TASK ITEM — Consider the listing below. Extract exactly the lines from the line containing "Inboard Outboard Motor" to the line containing "Purple Hand Made", both included.

RECORDS FOR PROCESSING —
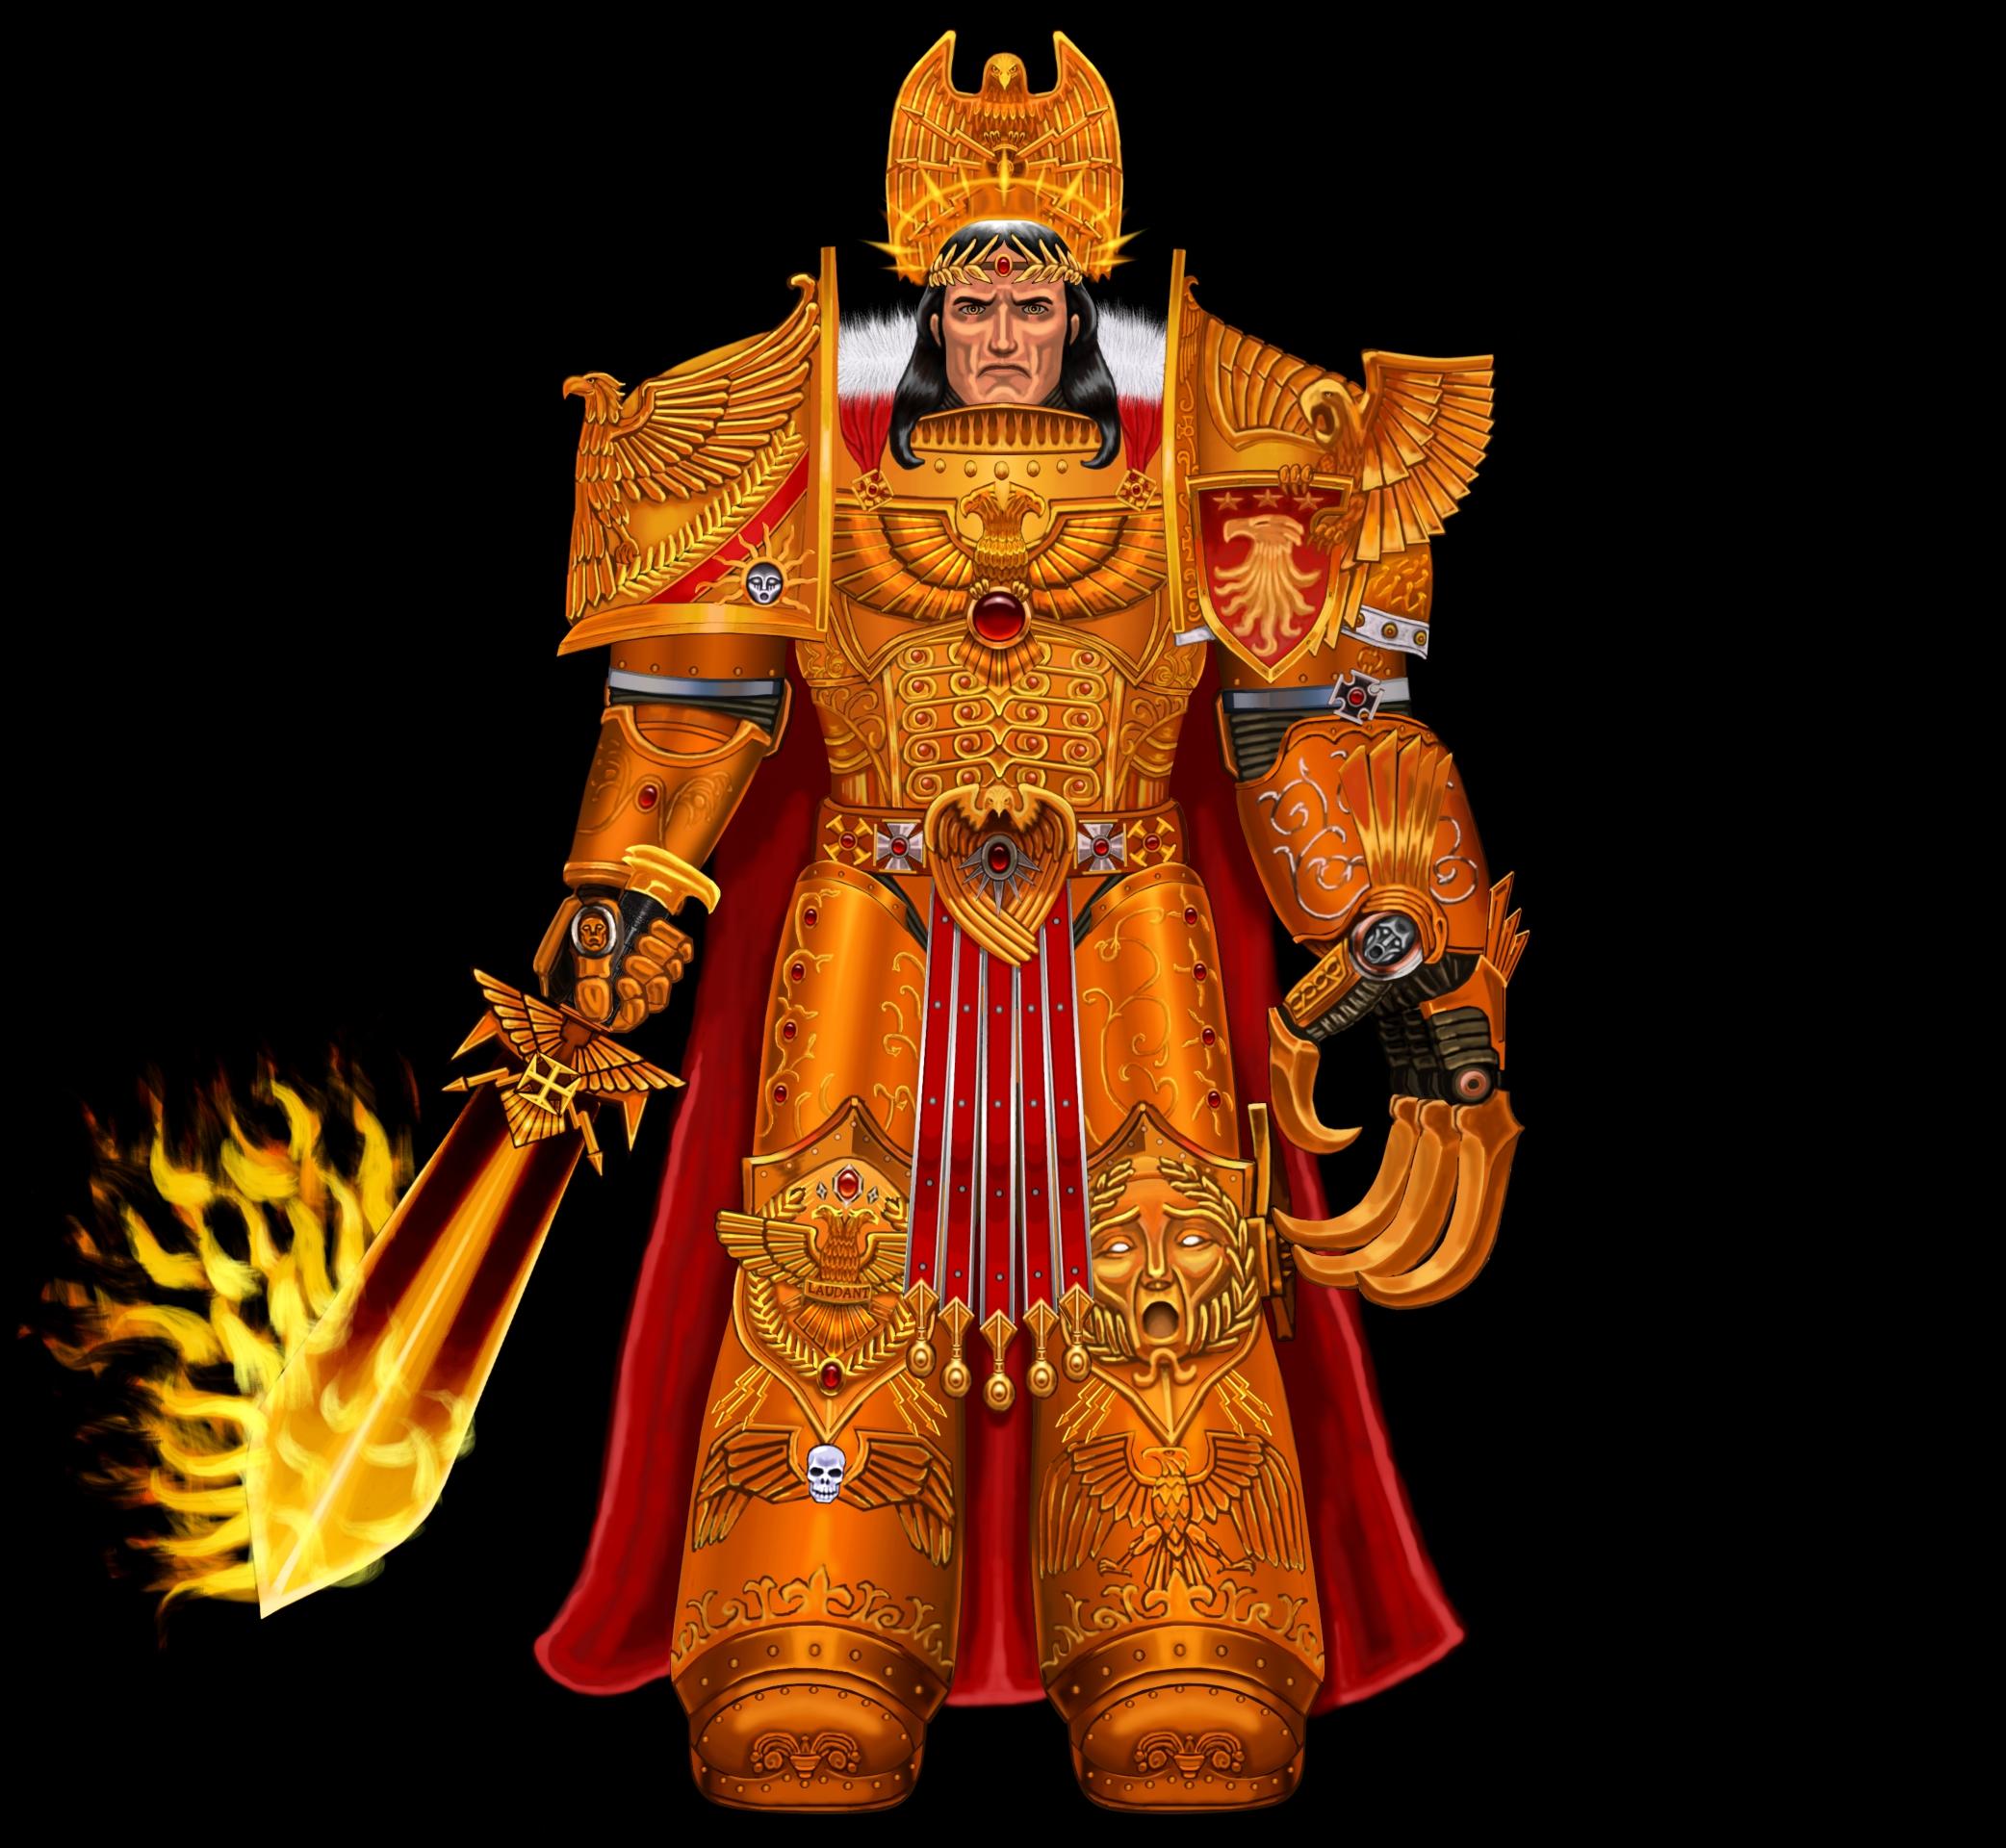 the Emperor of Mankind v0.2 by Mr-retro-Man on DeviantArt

---

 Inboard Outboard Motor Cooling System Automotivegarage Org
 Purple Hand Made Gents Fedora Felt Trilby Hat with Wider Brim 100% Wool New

RESPONSE —
 Inboard Outboard Motor Cooling System Automotivegarage Org
 Purple Hand Made Gents Fedora Felt Trilby Hat with Wider Brim 100% Wool New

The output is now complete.